Dataset content START

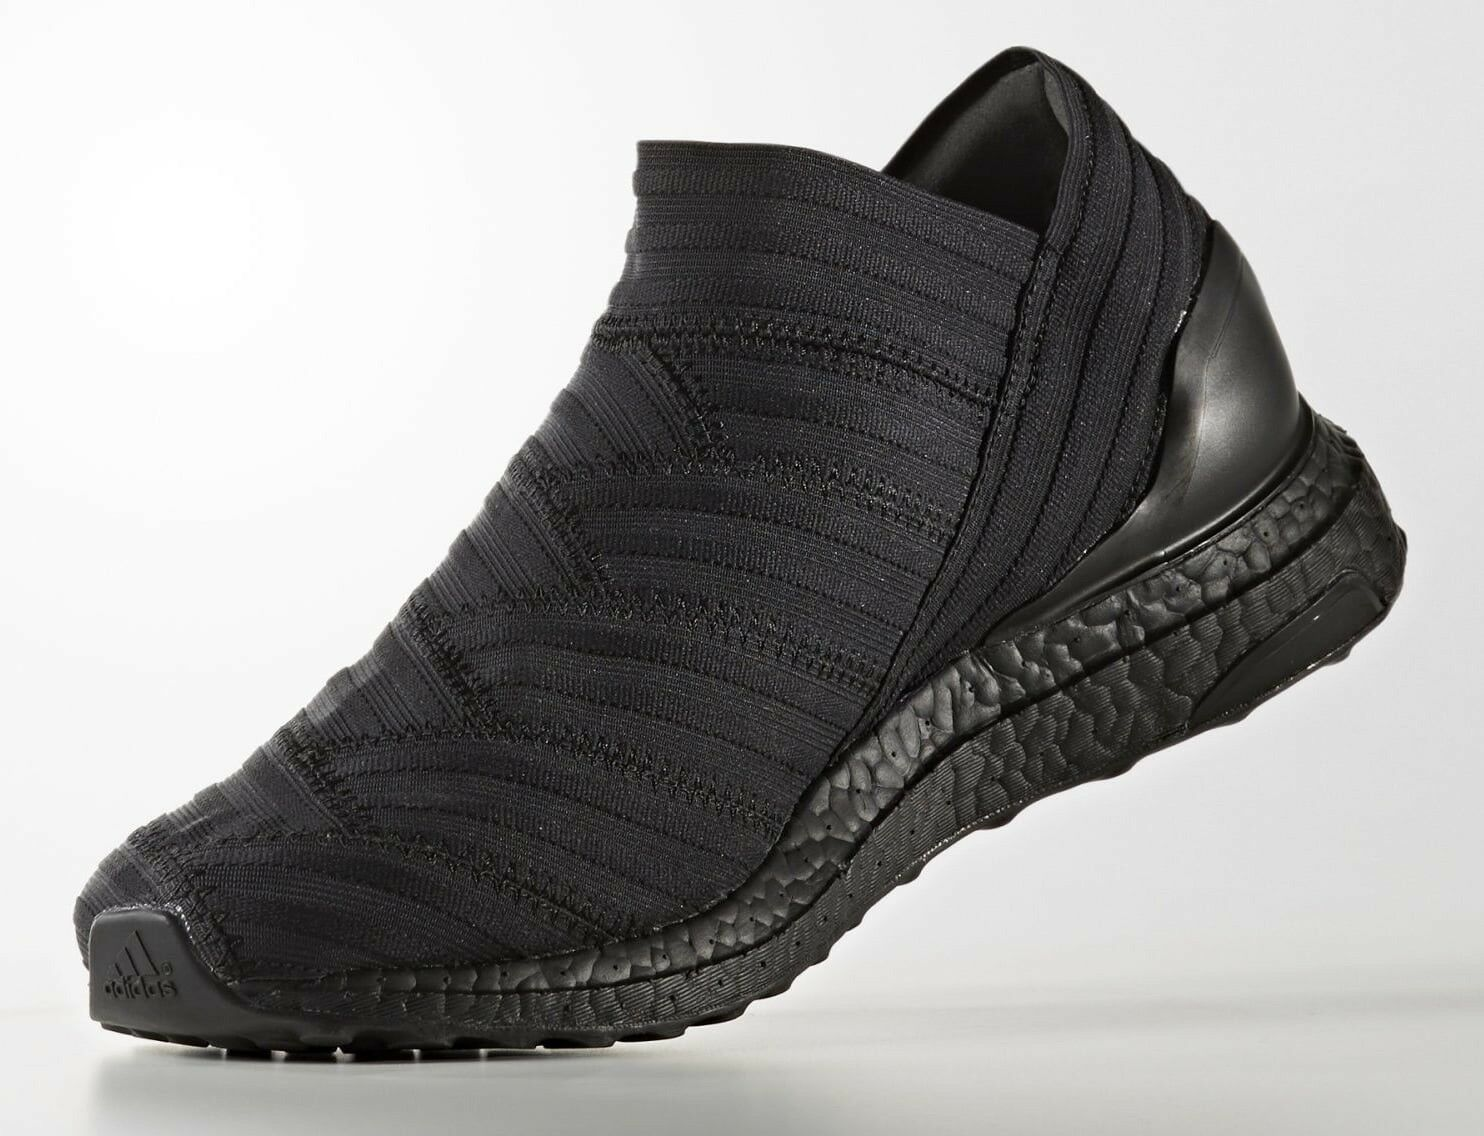 Adidas Nemeziz Tango 17 360 Agility Uk 7.5 boost triple black
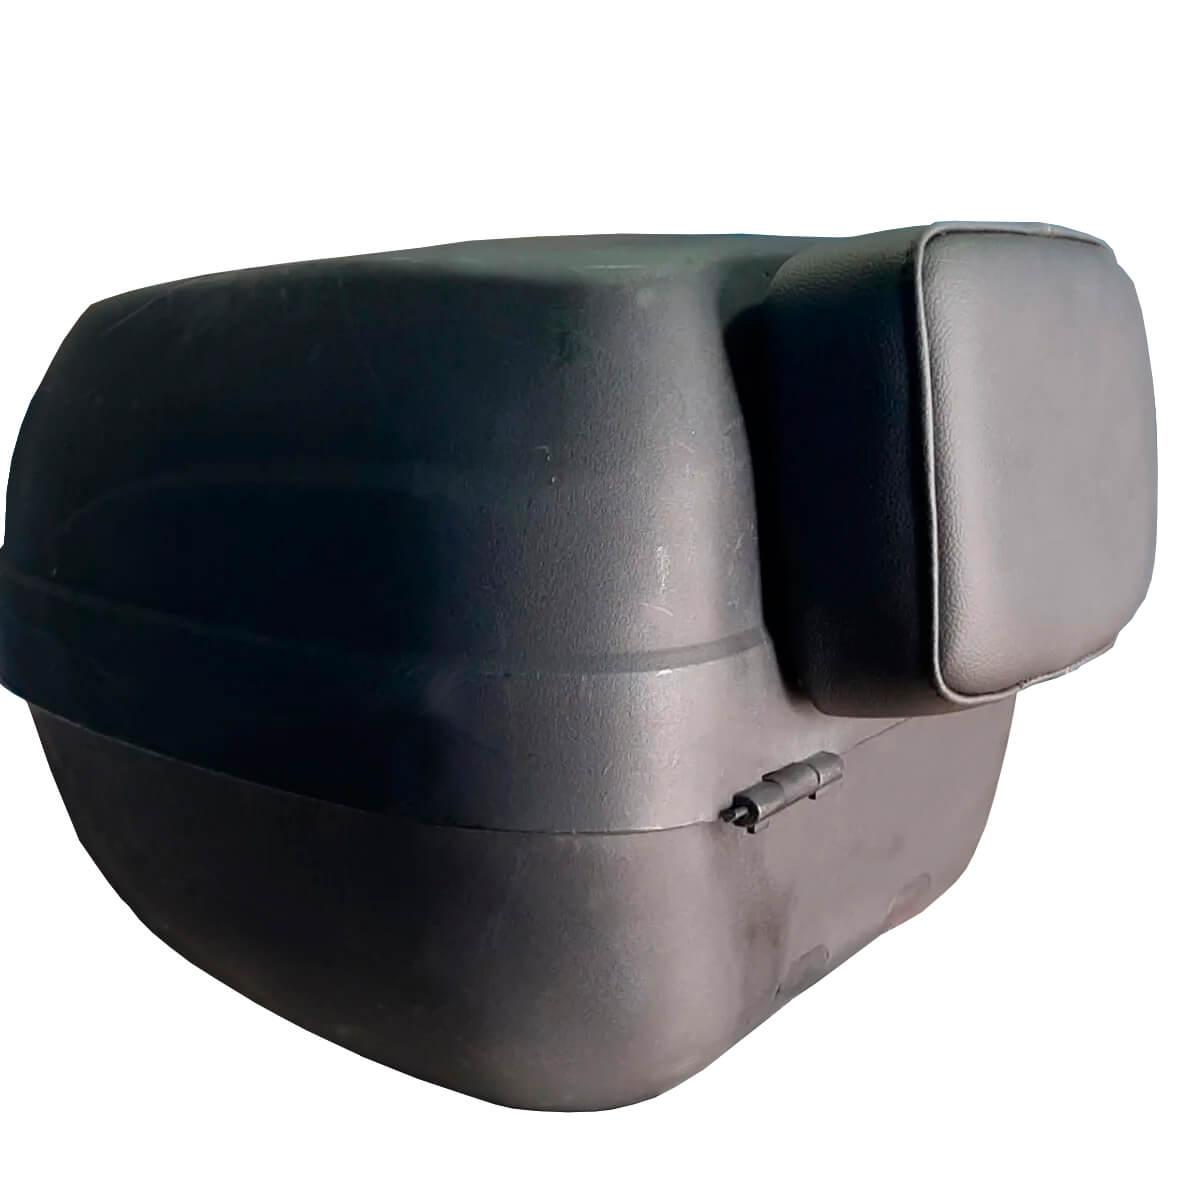 Encosto Pequeno Para Baú Bauleto Universal - 005-795-AT
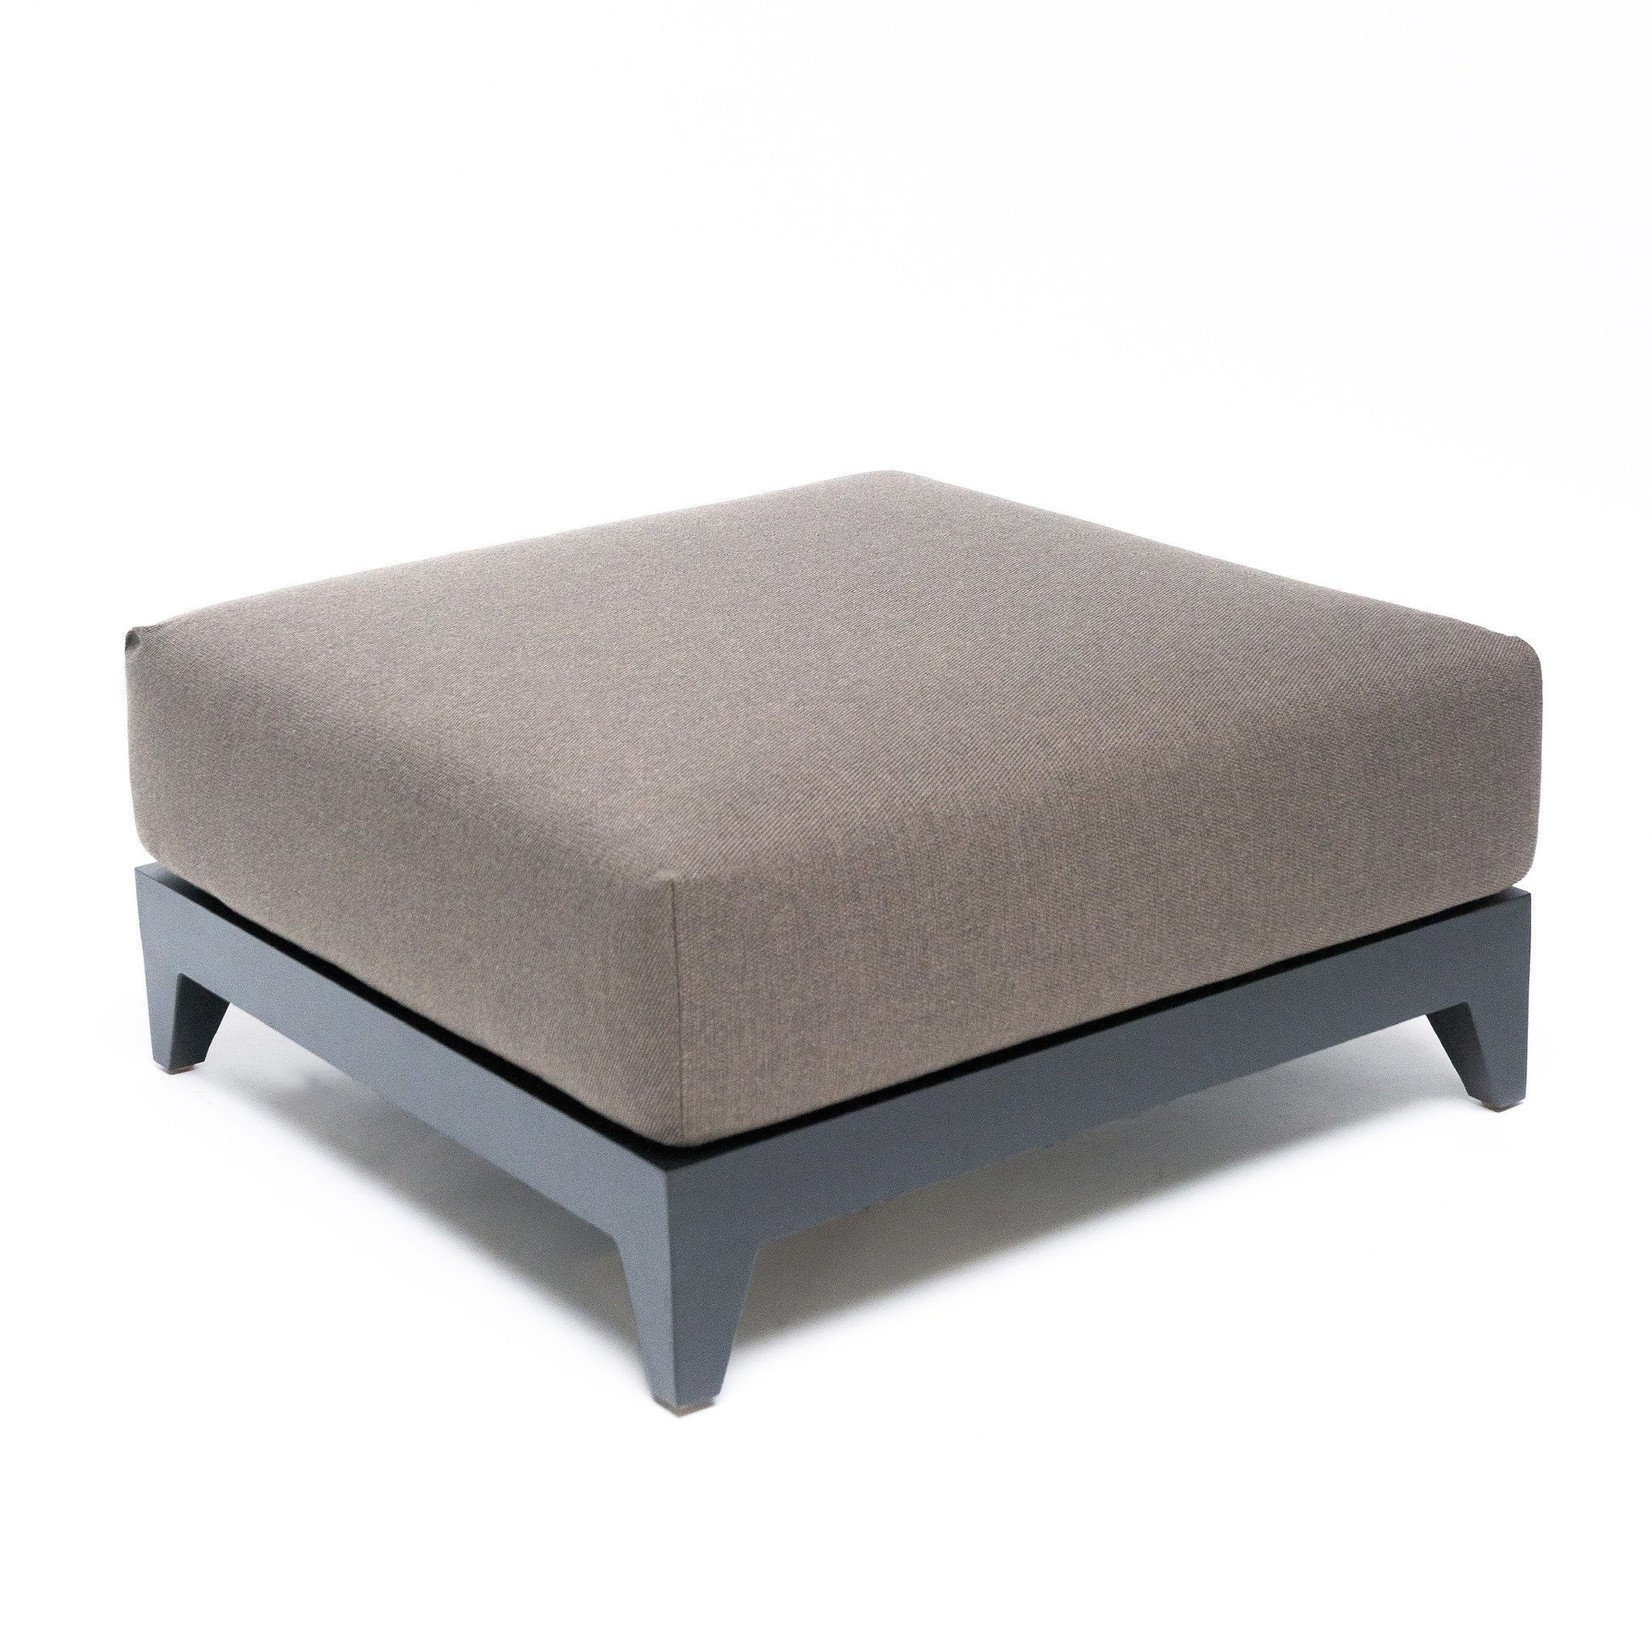 Gommaire Ottoman Mia | Aluminum Matte Black + Cushion

Dataset content END

* _Your task_
Pictures included in the data should be dropped; everything else must be repeated exactly.

* _Solution to this exercise_
 Adidas Nemeziz Tango 17 360 Agility Uk 7.5 boost triple black
 Encosto Pequeno Para Baú Bauleto Universal - 005-795-AT
 Gommaire Ottoman Mia | Aluminum Matte Black + Cushion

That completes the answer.